> _Exercise input_
┌──

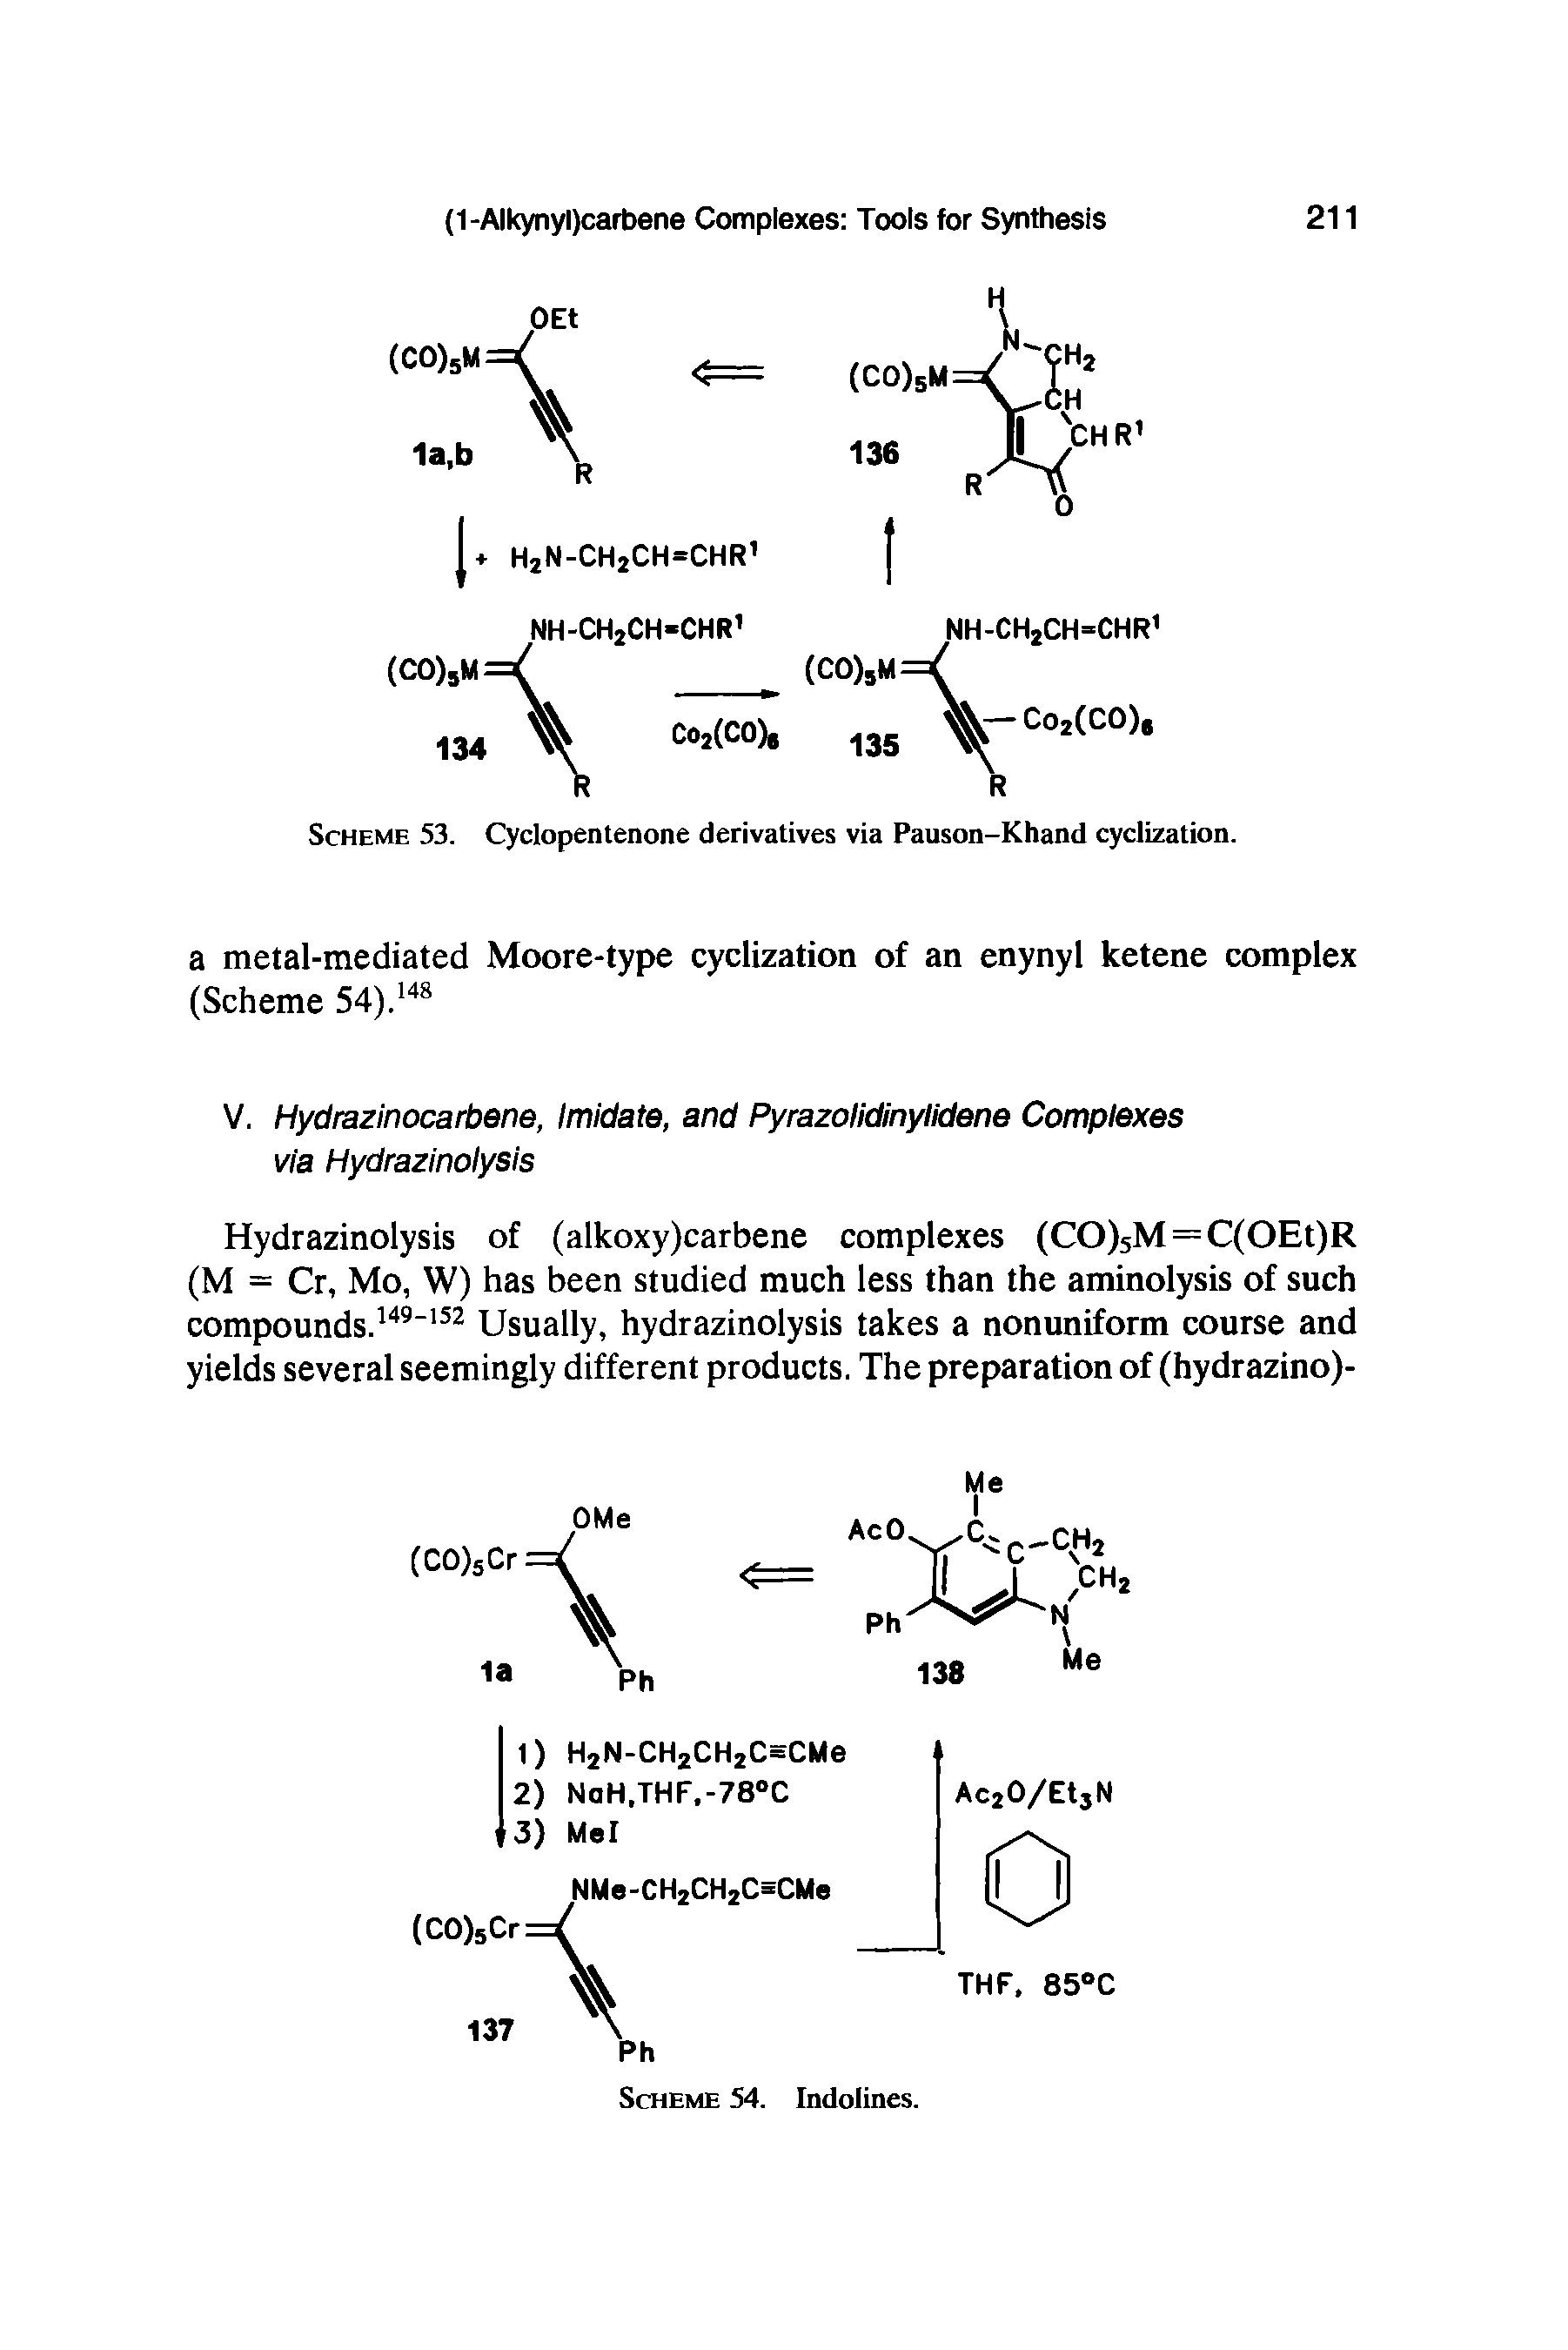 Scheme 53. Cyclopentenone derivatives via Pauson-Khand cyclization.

└──
┌──

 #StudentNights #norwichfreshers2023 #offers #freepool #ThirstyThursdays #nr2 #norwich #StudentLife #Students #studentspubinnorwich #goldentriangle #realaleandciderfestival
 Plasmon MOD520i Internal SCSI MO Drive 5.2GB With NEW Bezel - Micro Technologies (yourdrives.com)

└──

> _Description of the task_
Please write out, exactly as they appear above, only the lines in the stretch from the line with "#StudentNights #norwichfreshers2023 #offers" through the line with "Plasmon MOD520i Internal".

> _Task response_
 #StudentNights #norwichfreshers2023 #offers #freepool #ThirstyThursdays #nr2 #norwich #StudentLife #Students #studentspubinnorwich #goldentriangle #realaleandciderfestival
 Plasmon MOD520i Internal SCSI MO Drive 5.2GB With NEW Bezel - Micro Technologies (yourdrives.com)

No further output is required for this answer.